Unfortunately, Sanders is not the only person who fails to make this distinction or to understand the fundamental reason that businesses try to influence government in the first place. A more sophisticated version of Sanders’s complaint is known by the term “regulatory capture.” The idea is that regulatory agencies often end up doing the bidding of the businesses they regulate. In these circumstances, the agencies are said to be “captured” by the businesses.

This is a real phenomenon. The fundamental cause is the same thing that causes cronyism and influence peddling, which is arbitrary power in the hands of government. I’ve written at length recently about why a government whose power is not limited by the principle of rights will necessarily end up being ripe for influence and cronyism, so I won’t repeat the explanation here.

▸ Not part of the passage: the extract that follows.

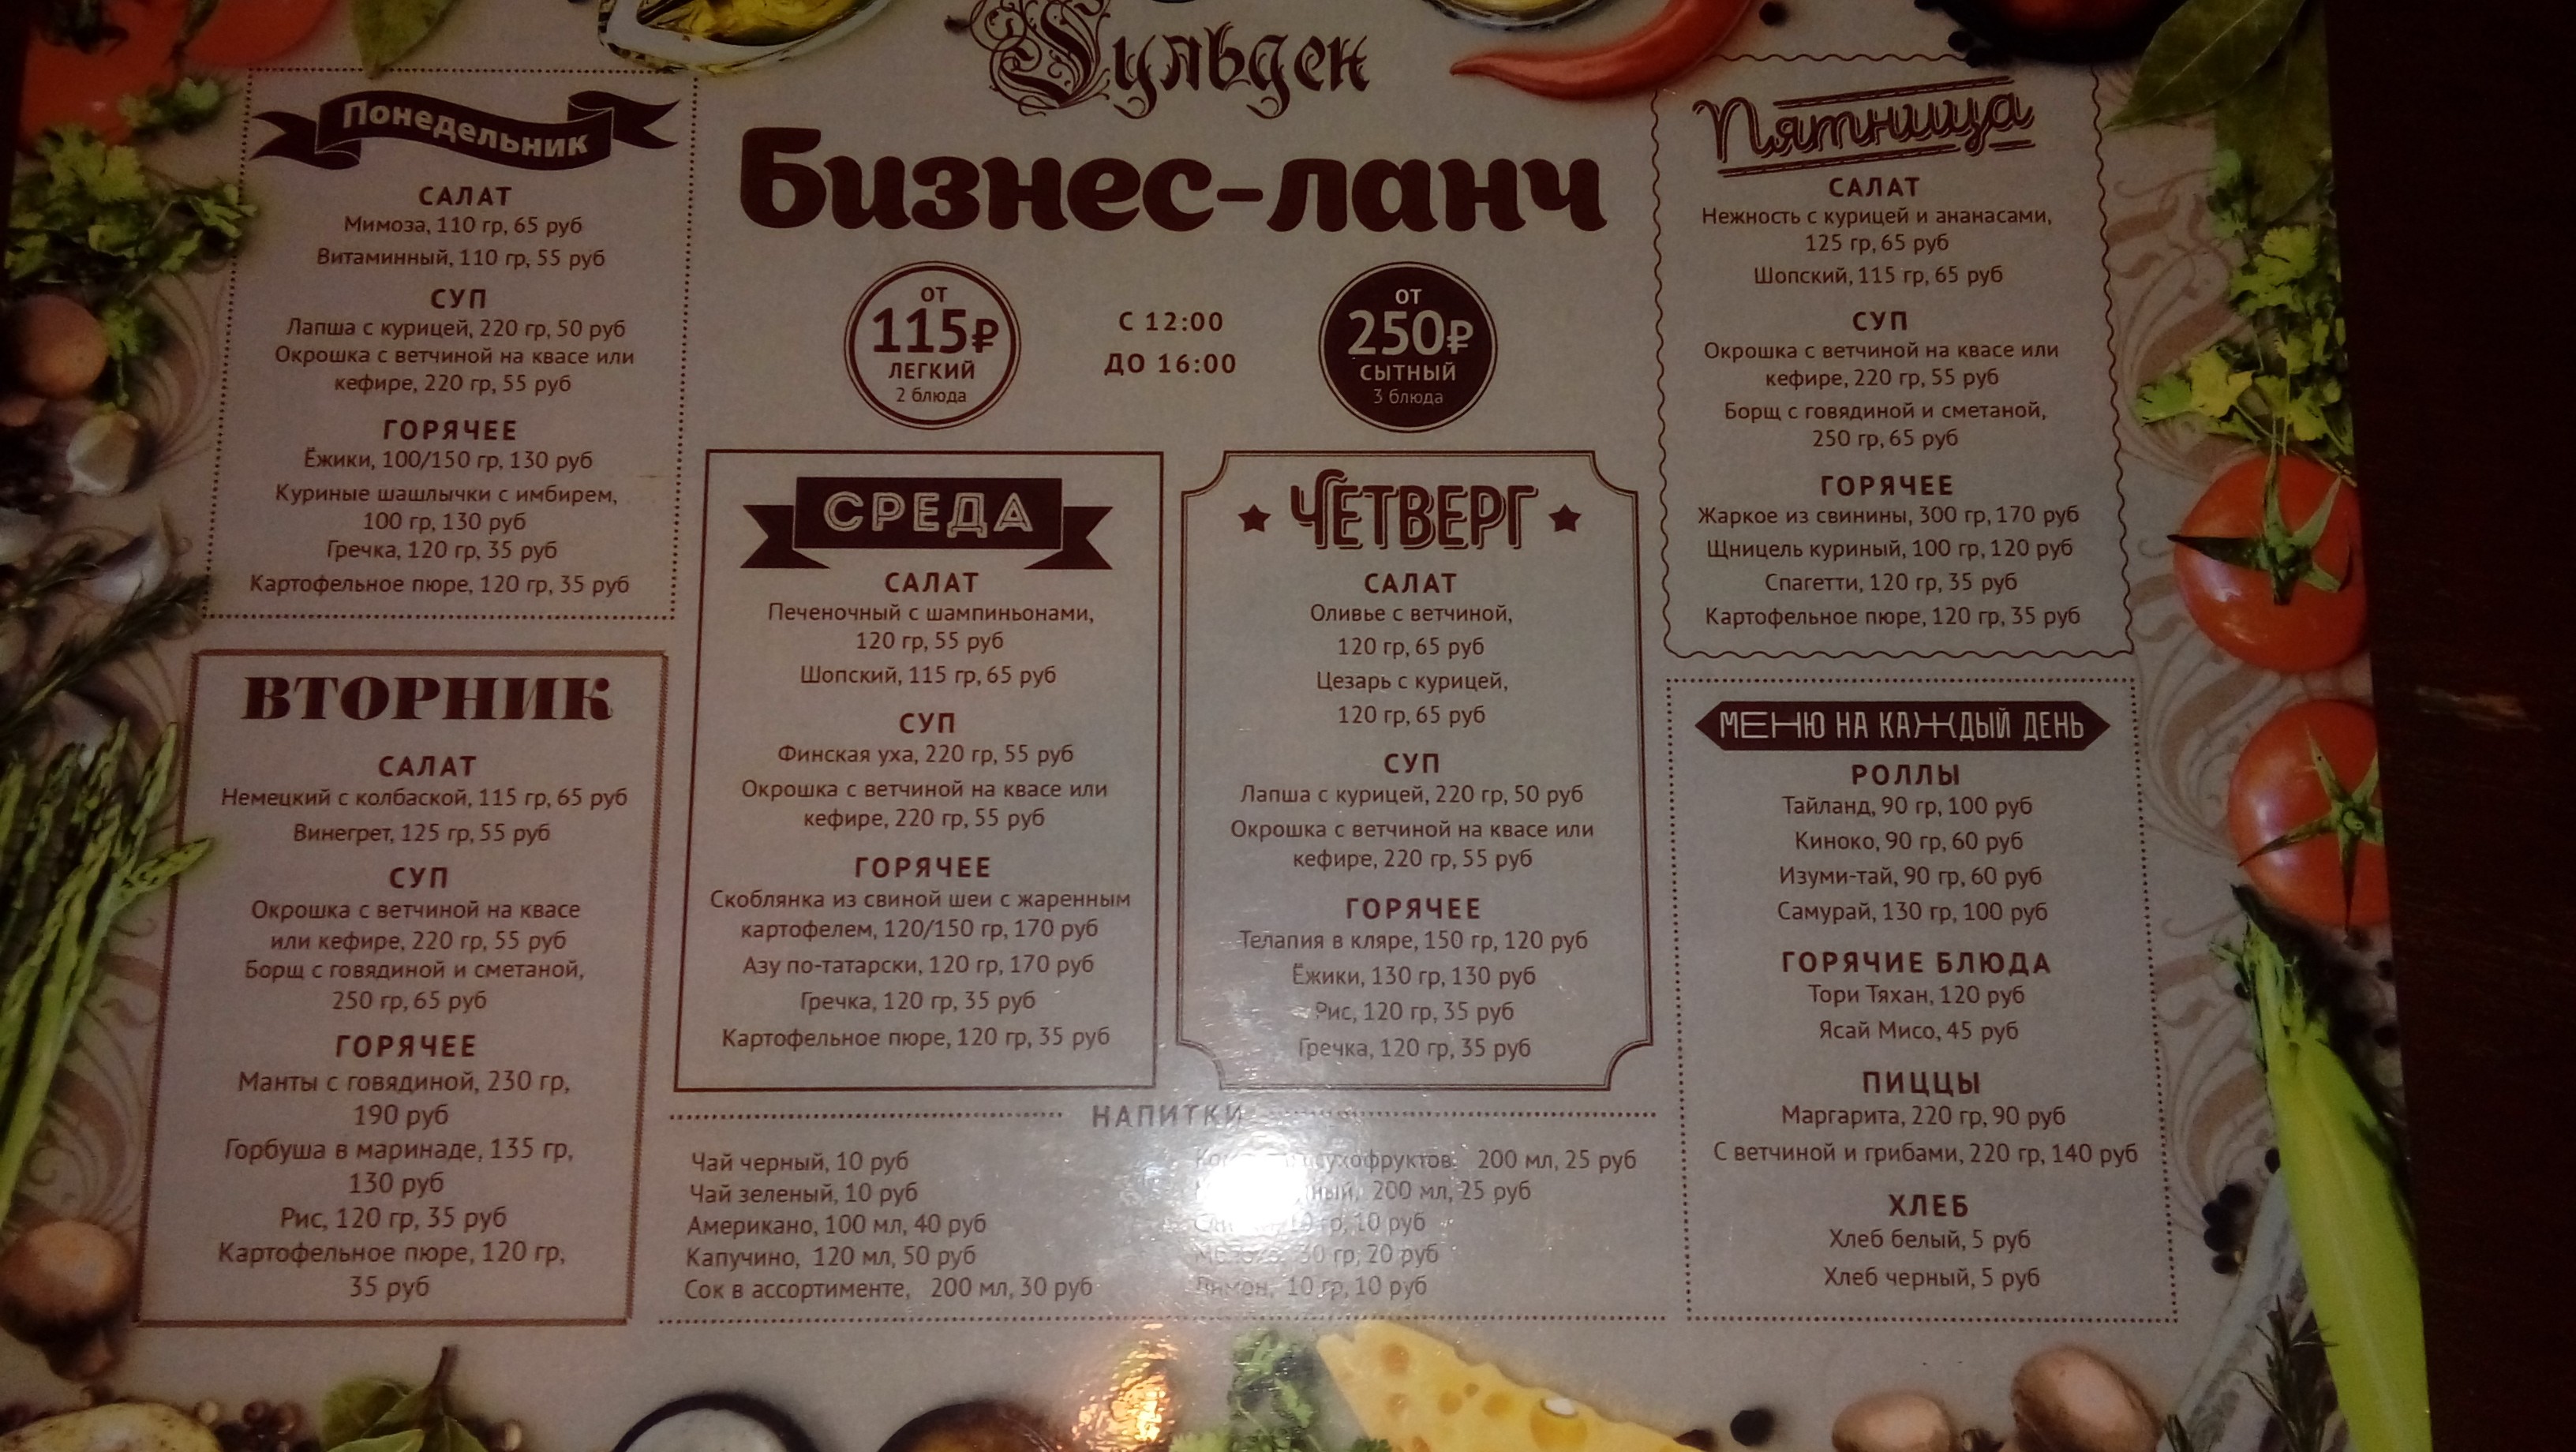 Зебры суши омск бизнес ланч меню фото 56

Suffice it to say that when government holds arbitrary power over the businesses and wealth of others — which is what regulation is — the only option for the regulated is to participate in the regulatory process and to try to ensure the rules make some sense.

For an example of how this ends up happening in practice, look at Dodd-Frank, which Hillary Clinton referred to during the debate as “start” down the road to regulating Wall Street properly. (For a glimpse of what lies at the end of this road, read Atlas Shrugged.) Dodd-Frank is in many ways a blank-check by Congress to a host of new and existing regulatory agencies to go regulate Wall Street. It was passed with the express understanding that the regulatory agencies would fill in the details of how they were going to regulate later. The predictable and logical result of legislation like this is that the regulated industries will flock to the regulators and try to have the rules written in a way that benefits them.

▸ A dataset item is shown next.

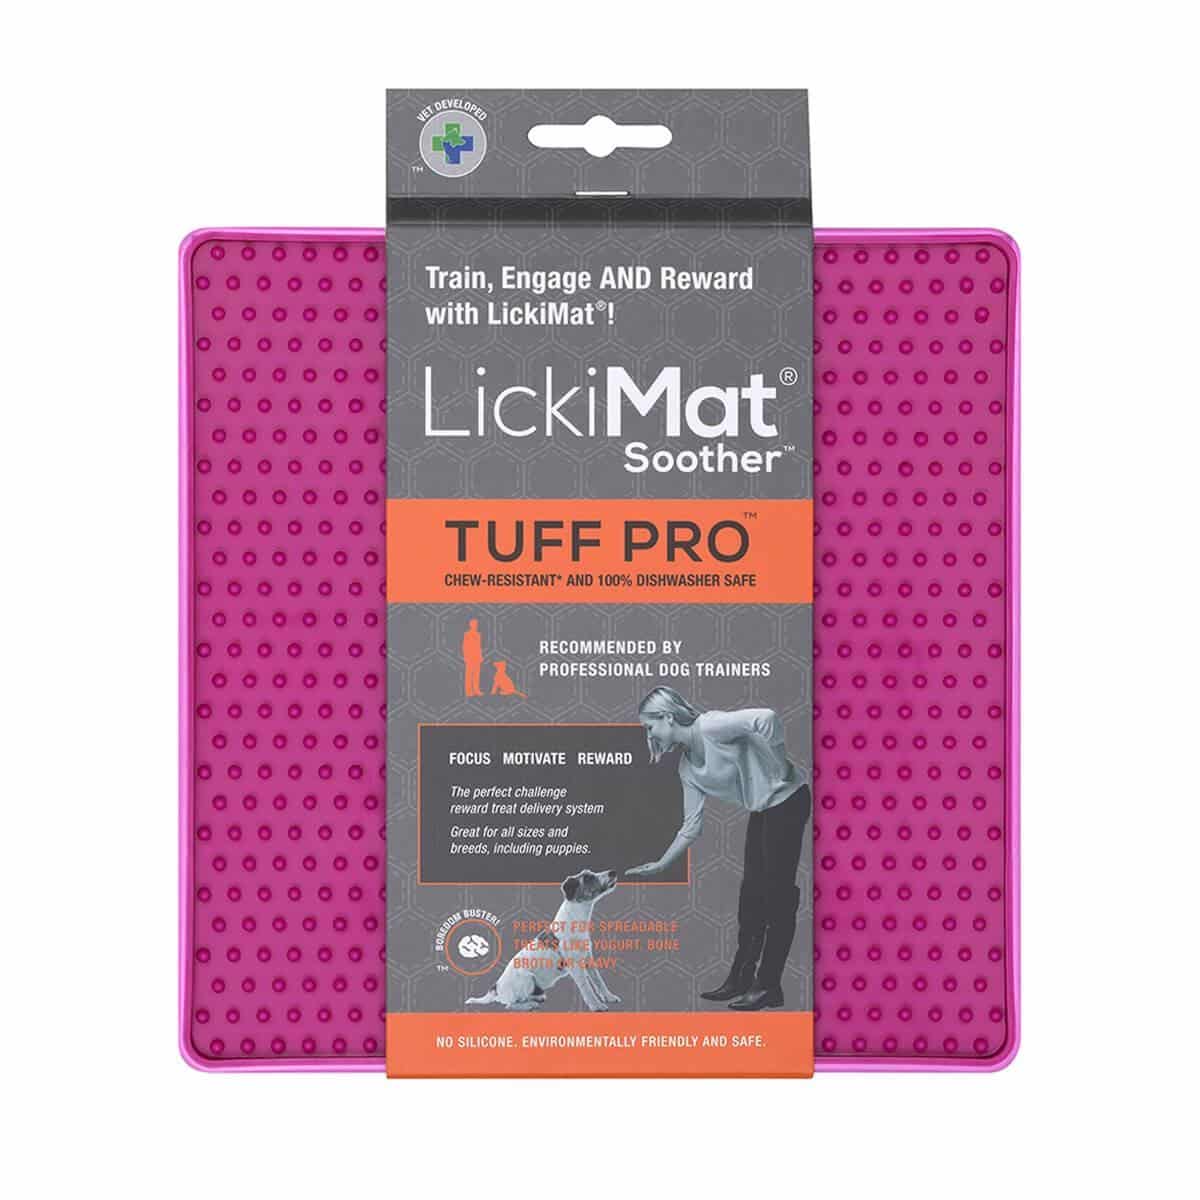 LickiMat Soother Tuff Pro koiran aktivointimatto myyntipakkaus, pinkki.

Indeed, often the regulated industries are invited to do so by bureaucrats, which is entirely predictable. Who else understands the business better than those who are in the industry itself? Do you think Bernie Sanders understands finance? If not him, then who is going to preside over the agencies that regulate Wall Street firms? The answer is Timothy Geithner, Hank Paulson, Lawrence Summers, Robert Rubin, etc. — all guys who worked on Wall Street or in the financial industry. This is the same in every regulated industry. All the securities lawyers I worked with when I was in private practice rotated from law firms, to regulated businesses, to the SEC and other agencies. They all knew each other and all worked together to fashion the regulations that applied to the industry. Is it surprising that they fashion regulations that they think make sense for an industry rather than those that will outright destroy it?

But even though the mechanism and results of this process should not surprise us, we still should not fail to make proper moral distinctions between those businesses who influence government to obtain regulations that harm their competitors and those who do so in self-defense. We also must understand that the fundamental cause of all of the efforts to influence government is bad government — that is, one not bounded by the principle of rights — and not bad people.

But the term “regulatory capture” and many of those who study and criticize the phenomenon don’t take these points into account. Just consider the term itself. Like Sanders’s statement during the debate, it implies that marauding Wall Street firms sweep into town and rape and pillage the poor regulatory agencies. But as I noted earlier, it is government that possesses the power in this relationship, not the businesses. In the past, I’ve likened government in this position to a mobster. Today, let’s go with pirates instead. Saying that businesses “capture” regulators is a bit like claiming that the hostages pirates take when they raid other ships have “captured” the pirates because they are allowed to choose between walking the plank and being keel-hauled. Regulatory capture doesn’t quite get to the cause of the problem, which is government, not the businesses it regulates.

And who is the biggest proponent of handing government even more of the regulatory power that causes all of the things of which he complains? Yup, it’s Bernie Sanders himself. If he wants to know why Wall Street is exercising so much influence over Congress, he should consider taking a long hard look in the mirror.